Asking the Hard Questions: Community-Based Learning and Critical Self-Awareness
Miranda Rosenblum, '18, American Studies Major, Women, Gender & Sexuality Studies Minor
Is community-based learning unequivocally good?
Throughout my four years at the University of Richmond, I have had valuable community-based learning (CBL) experiences – opportunities for experiential learning, critical engagement, and co-collaboration. However, I’ve also had other CBL experiences that were ineffective at their best, and exploitative at their worst.
Looking back, I can see that my most successful CBL experiences centered two key aspects of thoughtful and intentional community engagement: guided negotiation of power and privilege, and critical self-awareness and reflection.
Here’s an example. In my last semester of college, I was enrolled in the capstone class of my minor. For the past three years, the seminar has partnered with a local organization focused on youth experiencing homelessness. This year, the organization had just completed a comprehensive research report detailing the state of youth homelessness in the Richmond region. They identified a need – turning their 50-page report into easily accessible posters, brochures, and booklets – and our class executed it.

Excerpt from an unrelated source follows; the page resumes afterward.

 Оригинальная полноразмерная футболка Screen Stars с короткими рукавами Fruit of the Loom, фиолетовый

There were still significant power differentials between my class and the youth that we worked with, but this model of capacity-building community engagement helped to mitigate these power dynamics. The organization was driving the project, not us; we were responding to their articulated needs. We were also encouraged to be self-aware of our privilege and implicit bias through structured self-reflection. We wrote two essays about our CBL experience, reflecting on our personal understanding of youth homelessness before and after the project. Although this may seem simple, creating the space for critical self-awareness and reflection in the classroom allowed me and my classmates to challenge our previous thoughts, contextualize our work, engage critically with our experience, and grow both intellectually and personally. In short, in-class reflection allowed us do the introspective work that community-based learning requires.

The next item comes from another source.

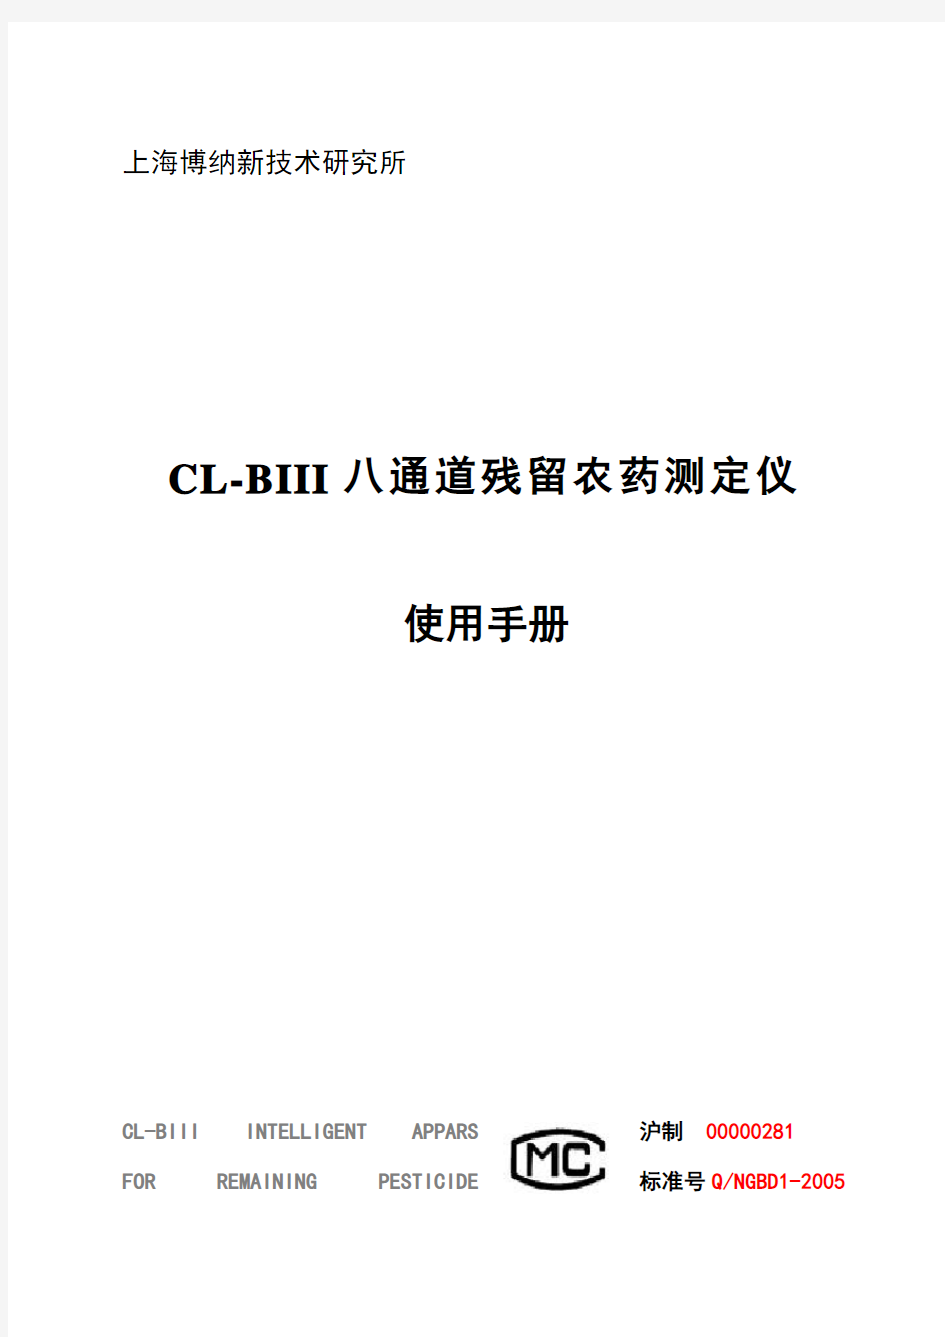 CL-BIII农残测定仪(八通道型)说明书

Not all my CBL experiences over the last four years have been this intentionally designed.
In my first year of college, I took a class that required students to volunteer with a Richmond Public School at least five times throughout the semester. I chose to volunteer at a college-preparatory program in a local high school. A group of all white University of Richmond students were in charge of creating and implementing a curriculum that would motivate a class of predominantly black high school juniors and seniors to attend college.
Without meaningful preparation, my fellow University of Richmond students and I were not equipped to manage a classroom of 30 kids just a couple years younger than us. We also had drastically different life experiences than the students in the room. Our presence was not a sign of “I could do it, so you can do it too.” It was a reminder of the opportunities they were denied due to their race and class. Furthermore, we were not invited to reflect on the complicated dynamics of the volunteer experience in class; instead, we focused on our observations about the school, its resources, and the students.
The University of Richmond is a private, predominantly white institution, with a majority of students from higher socio-economic backgrounds. Undeniably, the University – and many within it – holds significant power and privilege.
In an independent study I created my junior year in order to focus on the link between stories and social change, I read feminist scholar Daphne Patai’s essay, “U.S. Academics and Third World Women: Is Ethical Research Possible?” Here, Patai examines the hierarchy of power reproduced by well-meaning U.S. scholars when studying women abroad: “In the end, even ‘feminist’ research too easily tends to reproduce the very inequalities and hierarchies it seeks to reveal and to transform…For we continue to function in an overdetermined universe in which our respective roles ensure that other people are always the subject of our research, almost never the reverse” (Patai 149).
For me, Patai’s critique strikes a chord applicable to university community-based learning. Even though the class I took my first year was focused on historic inequities along race and class lines, our CBL experience still reproduced the very inequities and hierarchies we were seeking to reveal and to transform. Who got more out of that experience, the high school kids or me? I did, without a doubt. I was able to see the educational inequities in the Richmond Public School firsthand and use this educational experience as evidence in the classroom. They were the subject of my educational experience, of my research. And what did they get? Some less-than-useful advice and “mentors” that left after just a month.
What would community-based learning look like if we critically examined our privilege first? What if we were the subjects of our own research?
This kind of critical self-awareness and reflection has to be designed – purposefully integrated into syllabi and curriculum – to truly begin to mitigate the dynamics of power and privilege that community-based learning can perpetuate.
Ideally, community engagement is an exchange between communities. Too often, this exchange is lopsided, the privileged community arriving to “help” and still leaving with more. If we are dedicated to true community-based learning, we need to ask ourselves the hard questions before we leave campus.
And even when we do, let’s be honest – in an inequitable world, truly equitable community-based learning may not be possible. But, as Daphne Patai says, “It is a mistake to let ourselves be overwhelmed by these problems” (Patai 150). Community-based learning may not be unequivocally good. But when done thoughtfully, intentionally, and critically, it is worth it.
Works Cited
Patai, Daphne, et al. “U.S. Academics and Third World Women: Is Ethical Research Possible?” Women's Words: The Feminist Practice of Oral History, Routledge, 2016.